Lifting weights is easy. You pick up some iron, pump out a defined number of sets and reps then you’re done.
Why do many people hesitate to get started lifting weights?
Firstly, there is information overload on the web.
Secondly, there is a community dialogue that can be confusing. “Mate, your boulders are looking solid.” (Boulders = shoulders that are solid as rock and built as strong as steel.) This can be confusing if you don’t know the terminology.
Thirdly, there is row upon row of complex looking equipment manned by Goliaths hammering it hard at the gym.
Oh, did I forget the hundred-page 12-month gym contract that needs a lawyer to decipher?
Well, you don’t need to worry. This article will give you a simple structure to help you to get started.
Exercising at home may be more convenient but, the day you choose to take advantage of everything a gym has to offer, you are making a serious investment in yourself. Chances are there is more than one gym close to your home. While the right gym will help you succeed with your fitness goals, the wrong one could be an expensive mistake.

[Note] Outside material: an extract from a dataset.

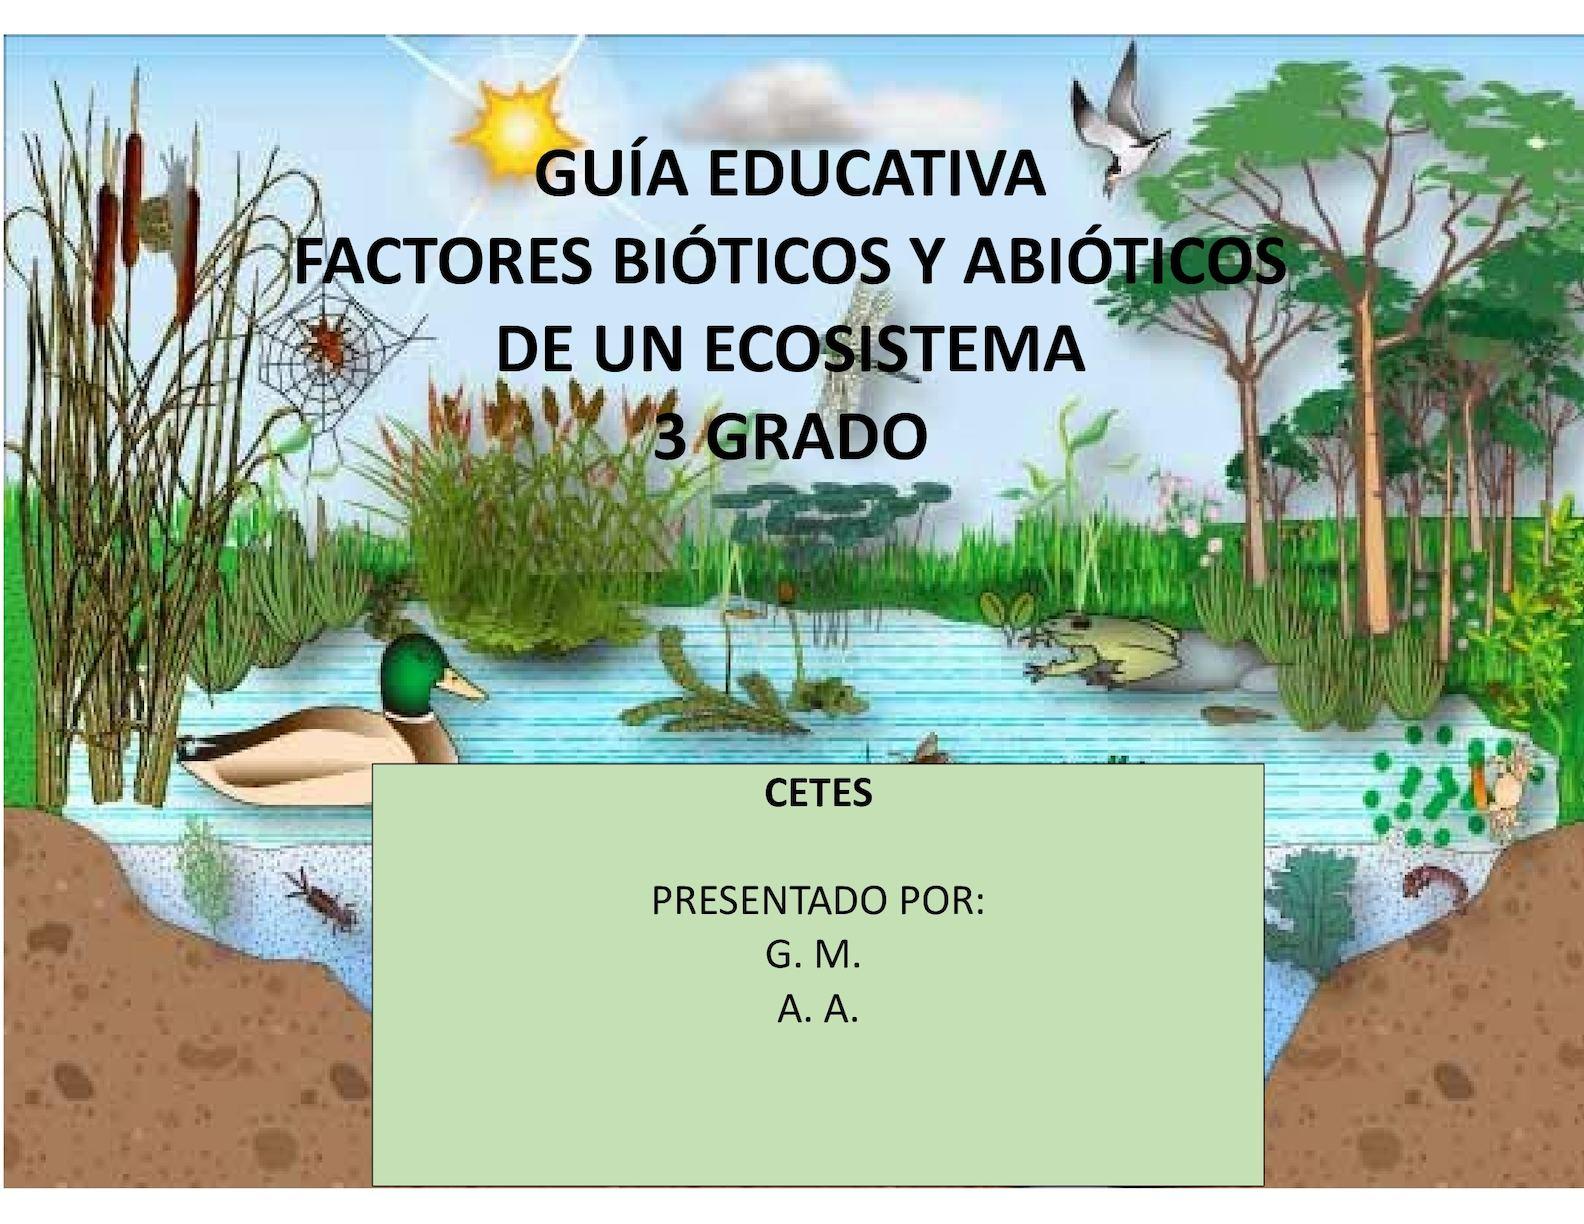 Calam o gu a didactica 3 grado factores bioticos y abioticos for Definicion de cuarto
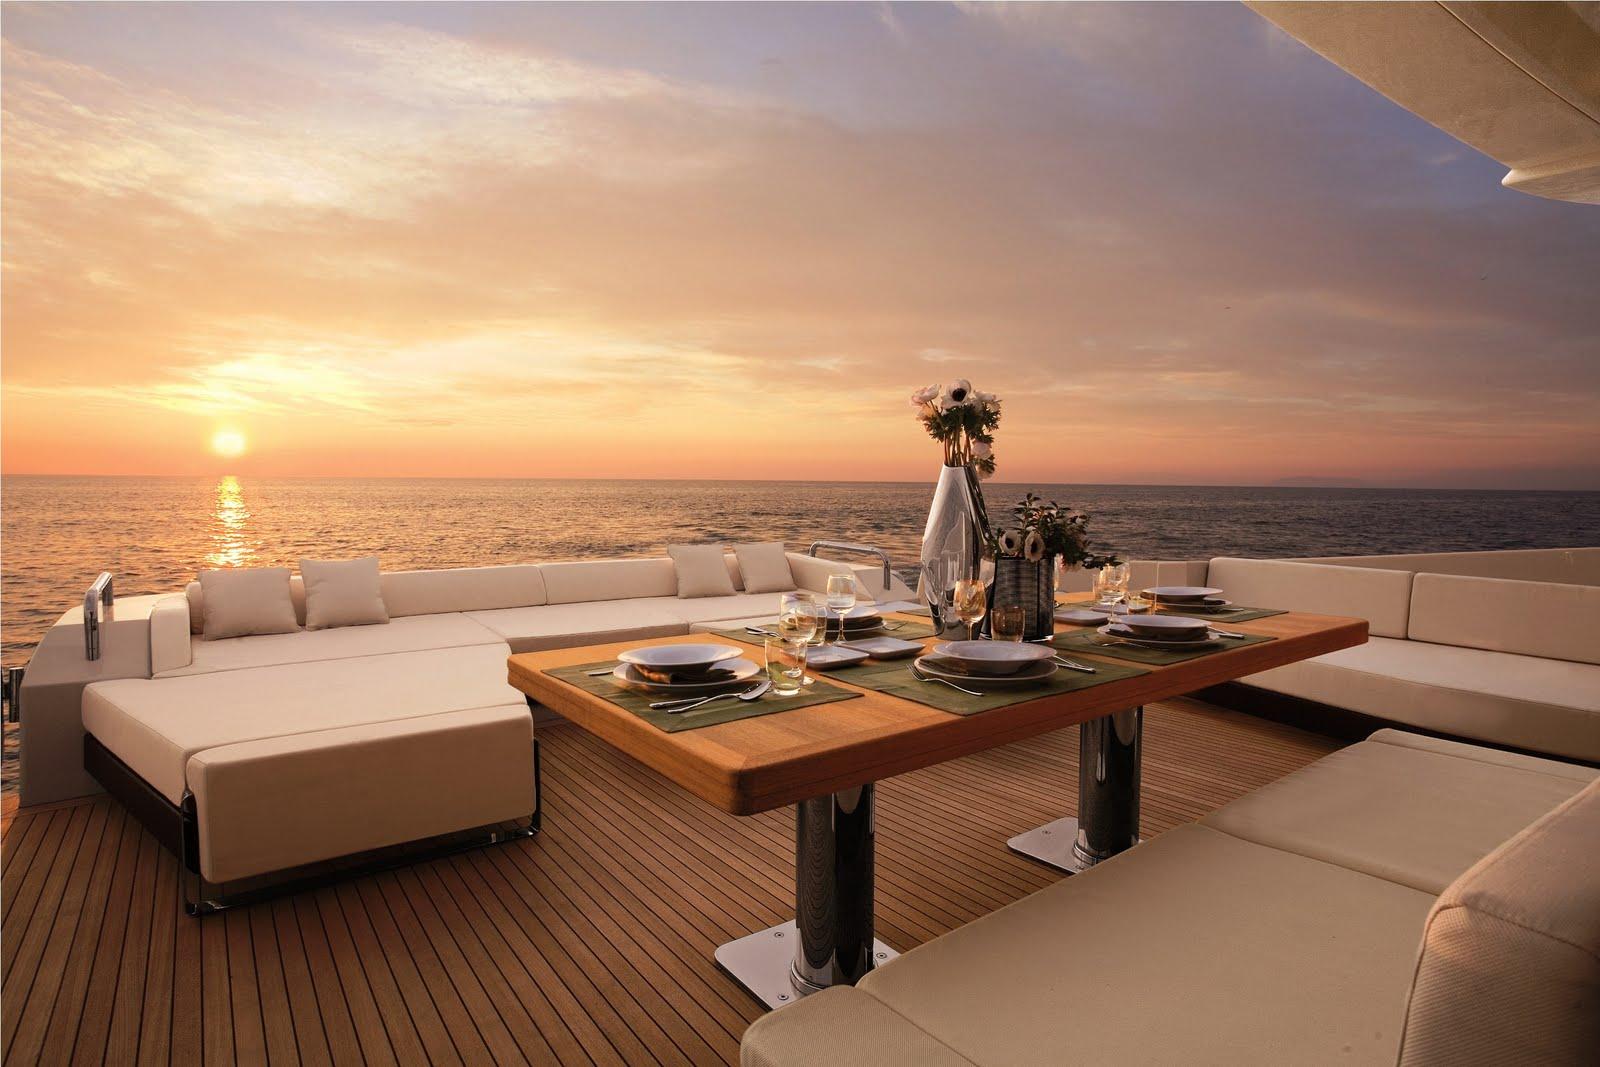 alquiler de yates en Ibiza. alquiler de yates en Ibiza. alquilar un yate de lujo en ibiza. Yates de alquiler en Ibiza

· Tip #1 - Visit every gym within a 15-minute driving radius of your home. You will not attend if you have a two-hour round trip included in your workout. Do not sign up to any plan until you have toured the gym with a member of staff
· Tip #2 - Does the gym contain all the equipment and facilities their website or brochures claim? Do you need all the services they offer? If you are never going to swim in their Olympic-sized pool, you are not going to be getting maximum value from your membership money
· Tip #3 - Is everything included in your membership fee or do you have to pay for separate areas such as the sauna? These costs add up
· Tip #4 - Insist on getting a free one-day pass. If they refuse this, then the gym is not for you. Make sure you can use this pass at the time of day you intend working out
· Tip #5 - Do the math on the membership fee. $50-a-month is roughly the average cost. In context, this is the price of two large delivery pizzas. If the gym passes each test and you intend to go at least three times a week, then you are getting value for money
People love teaching others. It is simple human nature. There are very few experienced lifters who would not jump in and stop you if you are performing an exercise so badly your back is about to snap. However, these guys are there for their workout. And, while they will help you, you must display basic gym knowledge.
The easiest way to do this is either to buy a book such as Men’s Health Gym Bible or find a bodybuilding website that lists gym equipment from A-Z. You’re not taking an exam here, you are familiarizing yourself with the equipment.
Why A Pencil Is The Most Important Piece Of Gym Equipment You’ll Ever Need
The stacked mega-man who’s been pushing iron for ten years knows how many sets and reps his body needs.
Before that, he took a pen and a piece of paper to the gym to monitor his progression.
Sure, you can get an app for your phone or invest in a wealth of bands and watches but a pencil does the job of recording:
· How many sets you did
· How many reps you managed
· What weight you lifted
· How long you performed cardio for
Build a routine around the outcomes you want and stick to it for six weeks.
The outcome of each routine can be summarized neatly:
· Heavy = Muscle
· Reps = Slim
· Entire body = Strength
· Core = Back, abdominals and the base of all your strength
Devising a routine is not complicated.
If you have invested in a book, it will have plenty of sample routines.
If you have done your homework on the gym, you can ask if an experienced member of staff to put your first plan together.
At the start of the six weeks, you need to weigh yourself and have someone take measurements of your neck, chest, arms, waist, quads, and calves. You should also consider a photograph as there is nothing more motivating than a before and after picture. Never forget to take your pencil and write down what you did and when. This information is vital at the end of the six weeks when you may decide you have lost enough fat and wish to start bulking up.
The power is in the repetition. And if you listen to too much ‘bro science’ and alter your routine during the six weeks, you will not be able to gauge the benefits.
All the above is utterly useless unless you refuel your body with the correct nutrients.
How you fuel your body is as important as the weights you lift. You can bang away all day in the gym and see no results if you eat the wrong food. You do not need to spend a hundred hours scouring the web for advice. If you have done your pre-joining homework, a member of staff may write you an eating plan.
Eating plans are basic and easy to implement.
· Porridge is your friend, and 30 grams will fill you up
· Sweet potatoes are a must while white potatoes are no good
· Brown rice is in, white rice is out
· Turkey, chicken, fish and small quantities of beef are great. Pork has to go
· If it is green, eat it!
· If it is not real, then don’t eat it. Fresh food is your friend
· Tuna is the ultimate budget-buster if funds are low
Above all, have fun and never stop educating yourself.
Be consistent in your workouts and the experienced guys will take you seriously.
Learn your muscle groups and equipment then you can ask educated questions. Take your time to learn, don’t be the person labeled as ‘all the gear and no idea.’ Let other people introduce you to slang terms. Watch what other people are doing and, at a suitable time, ask them why they did X or Y before doing Z.
Above all never ask anyone in the gym if they want an invite to the gun show!
Keep it simple, have fun, look great, and make some new friends. The weights are waiting for you.